なかでも最も嫌な気分にさせられたワインスティーンのセクハラの1つは、女性に自慰を見せつける行為だ。TVジャーナリストのローレン・シバンの告発によると、ワインスティーンはレストランで彼女にキスを迫って拒否されると、「立って見てろ」と言って自慰を始め、近くの鉢植えに精液をぶちまけた。
もちろん、この種の性的倒錯はハリウッドだけの話ではない。地下鉄の車内や市街地の路上では毎日、女性の目の前で性器を露出する男たちが現れる。
なぜ男性はこうした行動に出るのか。ロサンゼルスの「健全なセックス・センター」で臨床ディレクターを務めるセックスセラピストのアレクサンドラ・ケイトハキスにジャーナリストのアンジェリーナ・チャーピンが話を聞いた。
――自慰の見せつけは、身体的接触や言葉を伴わない性的暴力の1つ。この行為はなぜ、性的な捕食者(プレデター)に好まれるのか?
強い露出癖を持つ人間は、意図的に被害者にショックを与えようとする。理由は、怒っているから。この行為は女性に対する復讐だ。この種の男性は、女性が最も脅威に感じる体の部位を見せつけることで、「性的敵意」または「性的怒り」を獲物にぶつけている。
彼らの強い怒りの原因は幼少期の性的虐待にある。例えば、母親から感情的な虐待を受けていたり、母親が虐待癖のある父親から守ってくれなかったり。一部の男性は成長すると、性的行動を通じて怒りを女性にぶつけるようになる。彼らはそれ以外に感情の処理方法を知らない。
――女性を物理的に暴行せずに目の前で自慰をする理由は?
彼らは自分をレイプ魔と思いたくない、あるいはそのように見られたくないのかもしれない。自慰行為をするだけなら、誰も暴行していないと自分に言い聞かせることができる。
――背後にある心理的動機は?
自分の力を実感できること。彼らは獲物を追い詰めることで、ある種の満足感を得ている。この行為の背後には、極めて原始的で子供じみた本能的衝動もある。「僕を見て」と叫ぶのとほとんど同じだ。

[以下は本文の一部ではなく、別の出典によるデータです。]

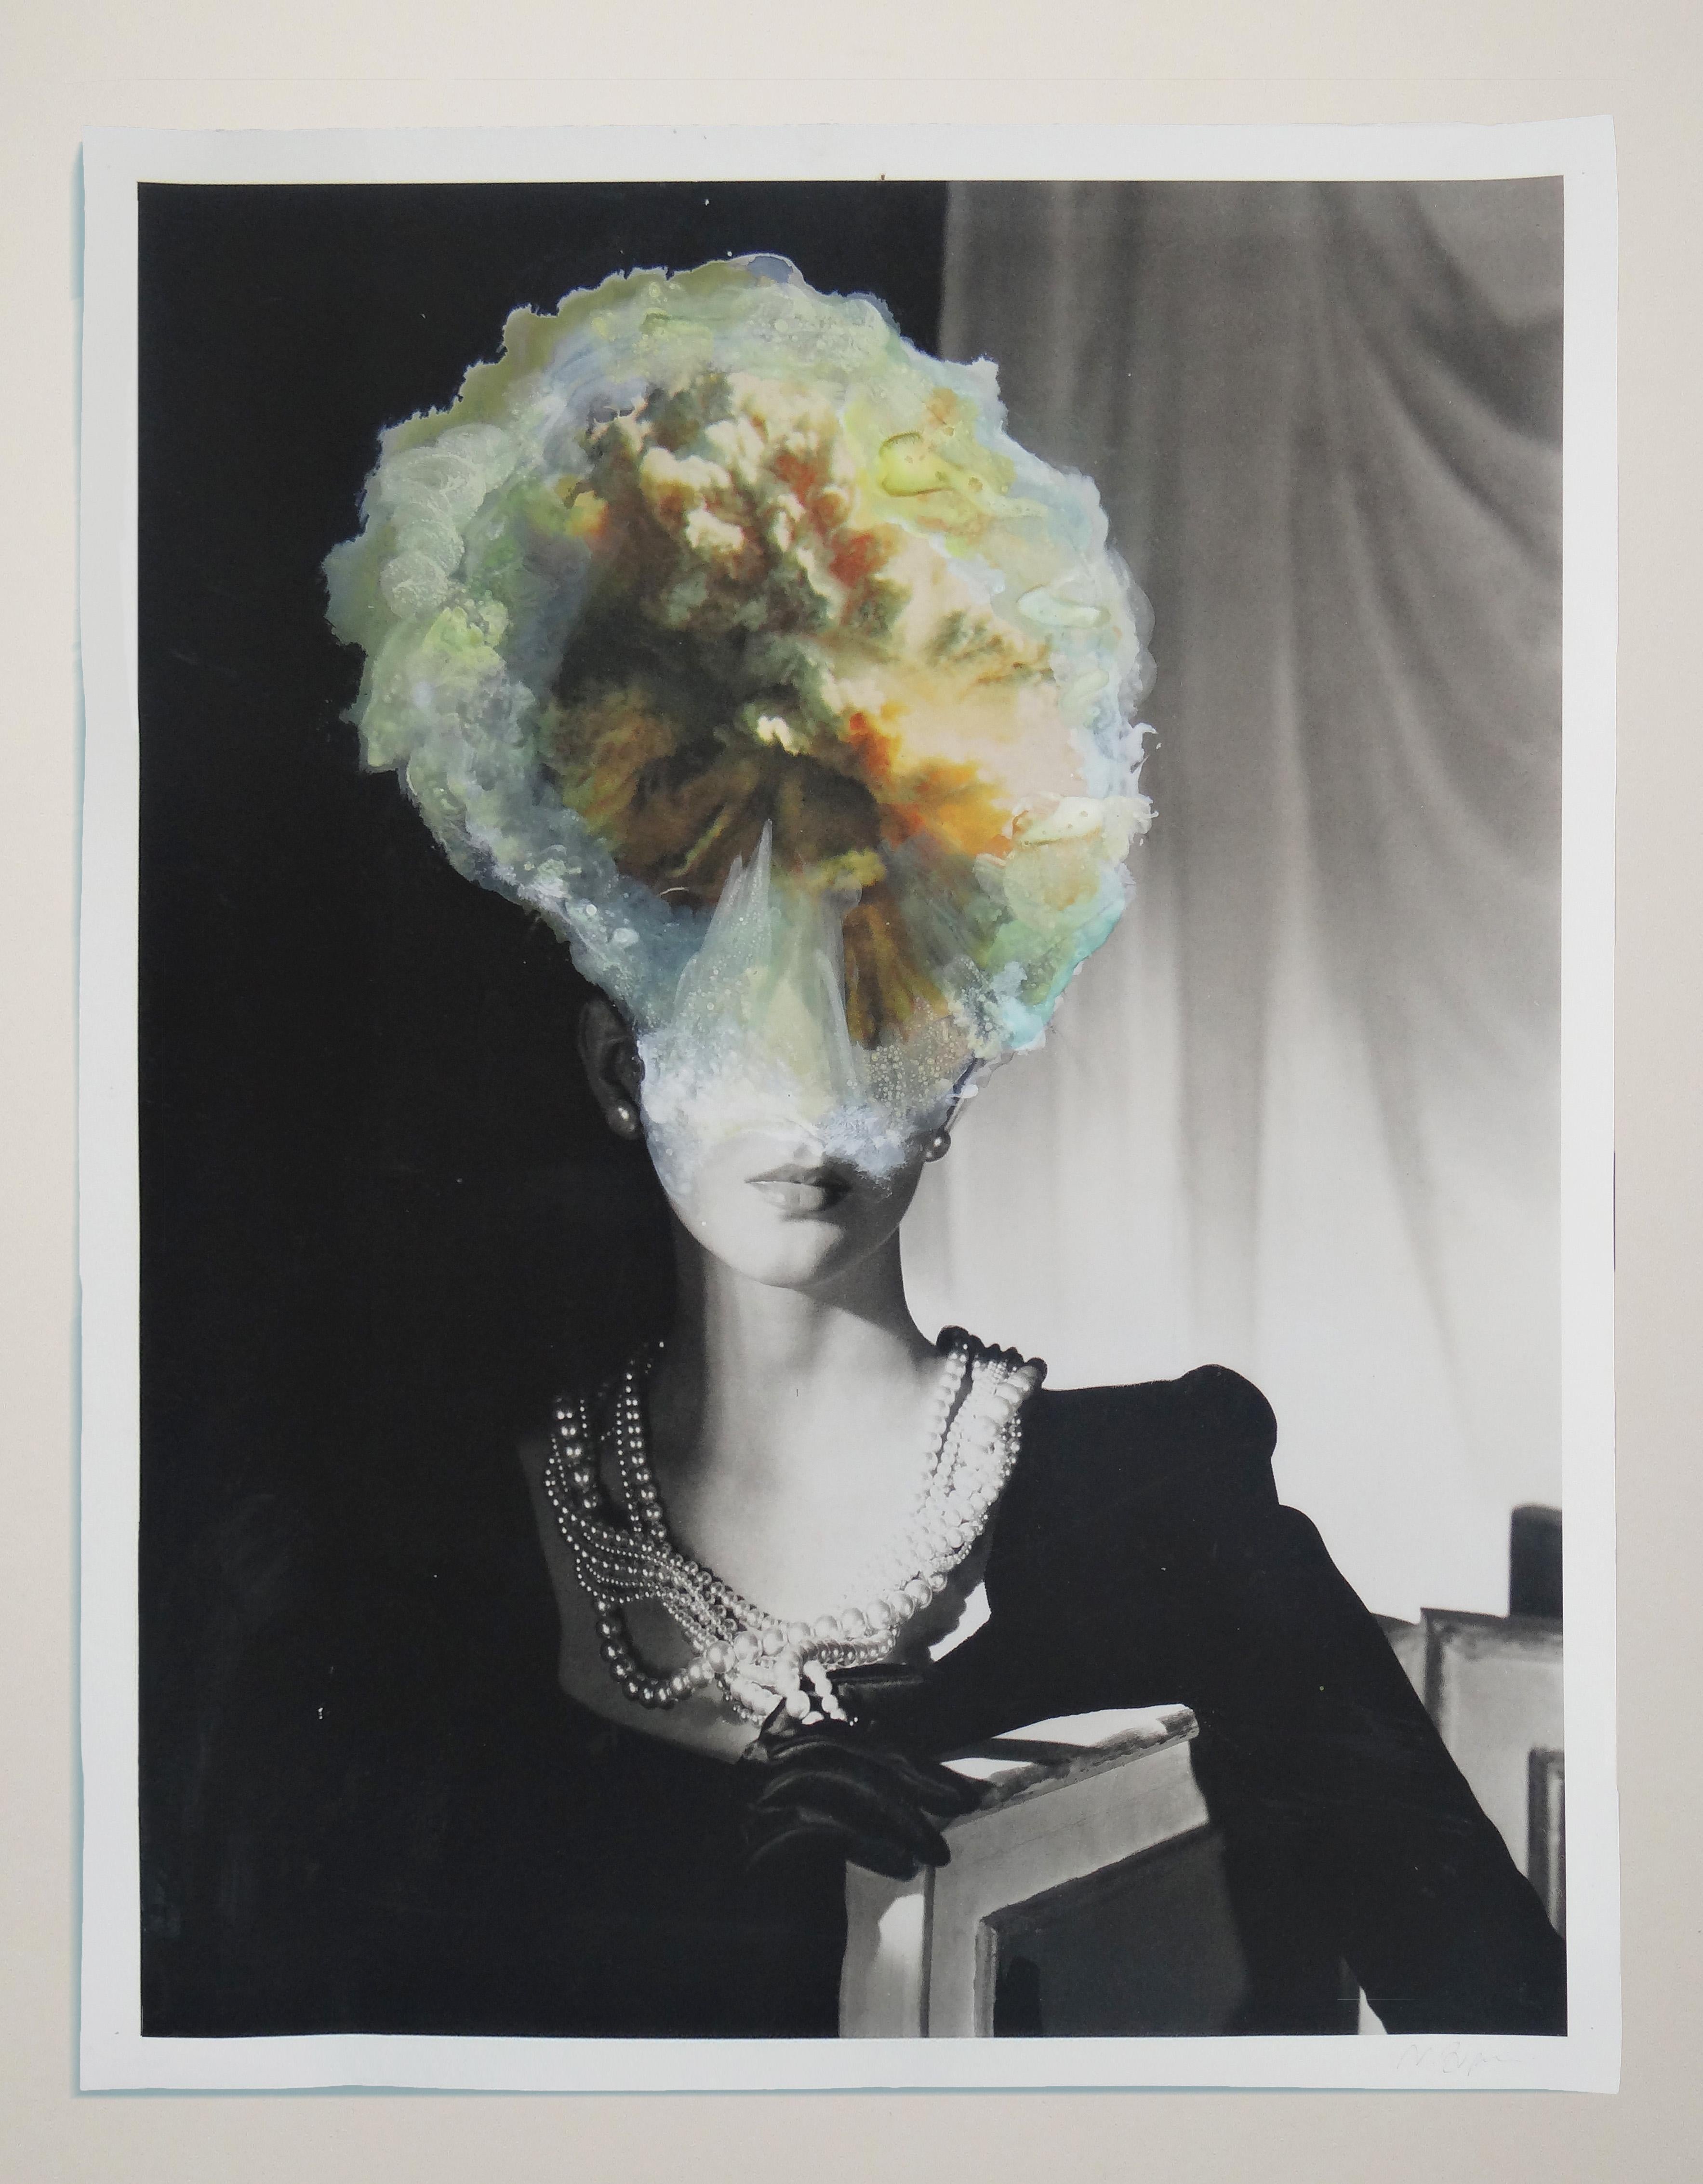 Natasha Zupan Color Photograph - Atoms and Pearls, #2237, Homage to Horst P. Horst collage color photograph

奇妙に聞こえるかもしれないが、「自分は求められている」と感じている可能性もある。「この女は目の前にいて、こっちを見てるんだから、俺が欲しいんだ」と感じているのかもしれない。同時に、その女性が怯え、恥辱を感じているという事実が、彼らに自分の力を実感させ、性的興奮を刺激する。